It was a 20-minute walk from the hotel to Claremont Graduate University, where the Conference on Current Pagan Studies rents space during CGU’s winter break. CGU is one of the seven “Claremont Colleges” — five undergrad, two graduate schools — that together form a “collegiate university.” Six of them share a campus with a combined library and other facilities. Pomona College, the oldest, dates from 1887; the others were founded in the 1920s, which must have been when Claremont shifted from “citrus town” to residential suburb of Los Angeles.
Walking to CGU, I did not see anything that resembled a “student ghetto,” which made me wonder if there is such a thing as off-campus housing, or if those students must all commute.
Was I on the right street? I looked at some license plates. Yes, this must be the right building.

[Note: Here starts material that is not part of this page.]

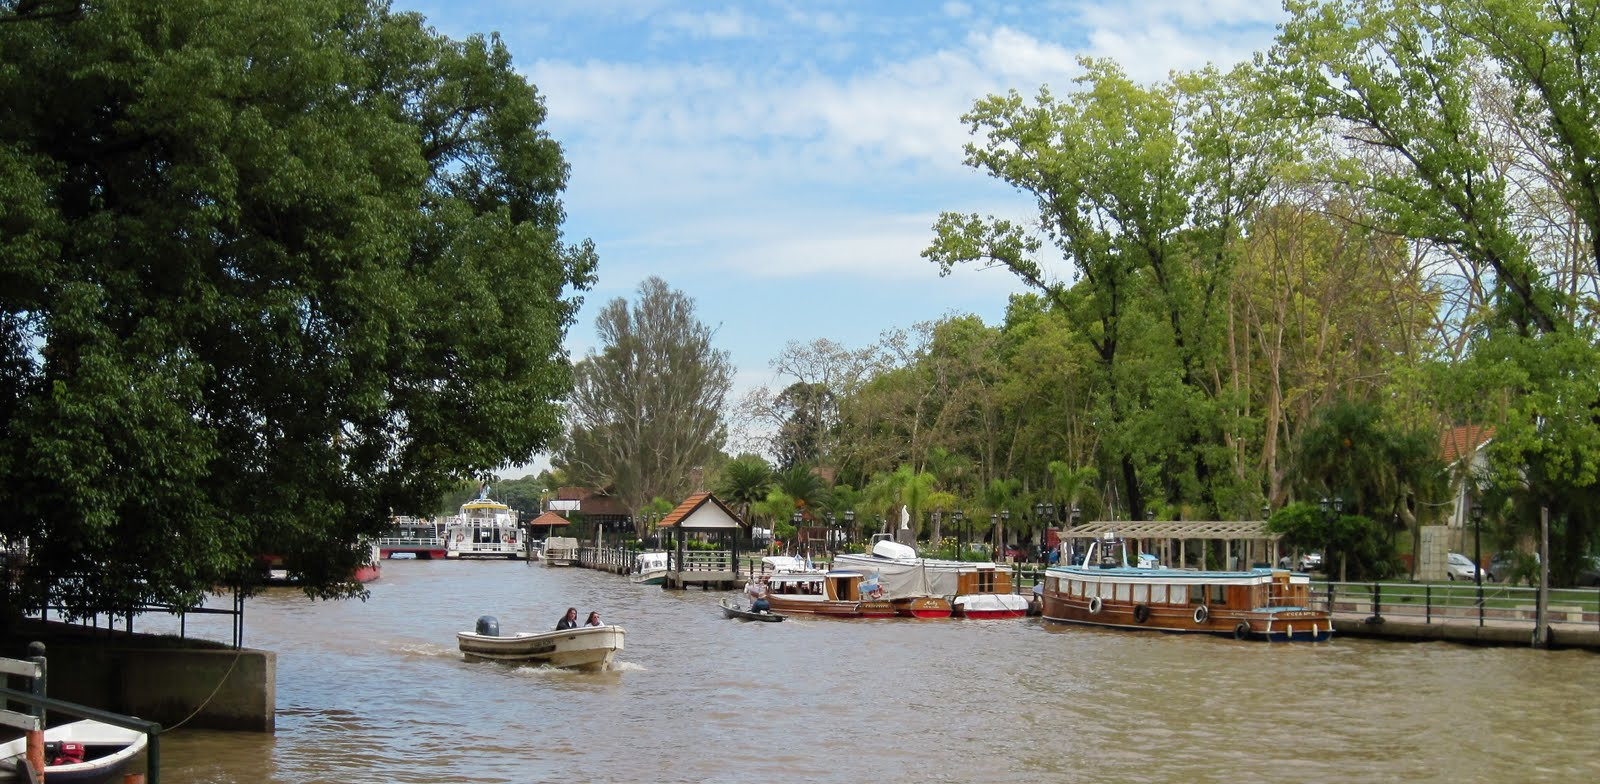 Tigre Argentina  city pictures gallery : CarpeSummer: El Tigre, Argentina

When Fritz Muntean started The Pomegranate in 1997, its subtitle was “A New Journal of Neopagan Thought.” That approach fits this conference too, and in fact, a new online journal is in the works that will take up that strand of Pagan publishing, I was told. More on that when I learn more.
The conference draws a mixture of older and younger Pagan academics, at least one outside PhD student researching Paganism in academia, some writers, some original West Coast Pagan figures from the 1960s–70s, and other members of the (chiefly) West Coast Pagan community.
The difference between this and the American Academy of Religion Pagan studies sessions that I am used to is that there is less of a sense of working on issues in the larger world(s) of religious studies and more a sense of telling our own stories, working on our own issues (like what happens to archives when groups shut down?), examining our origin stories, and talking about what is changing.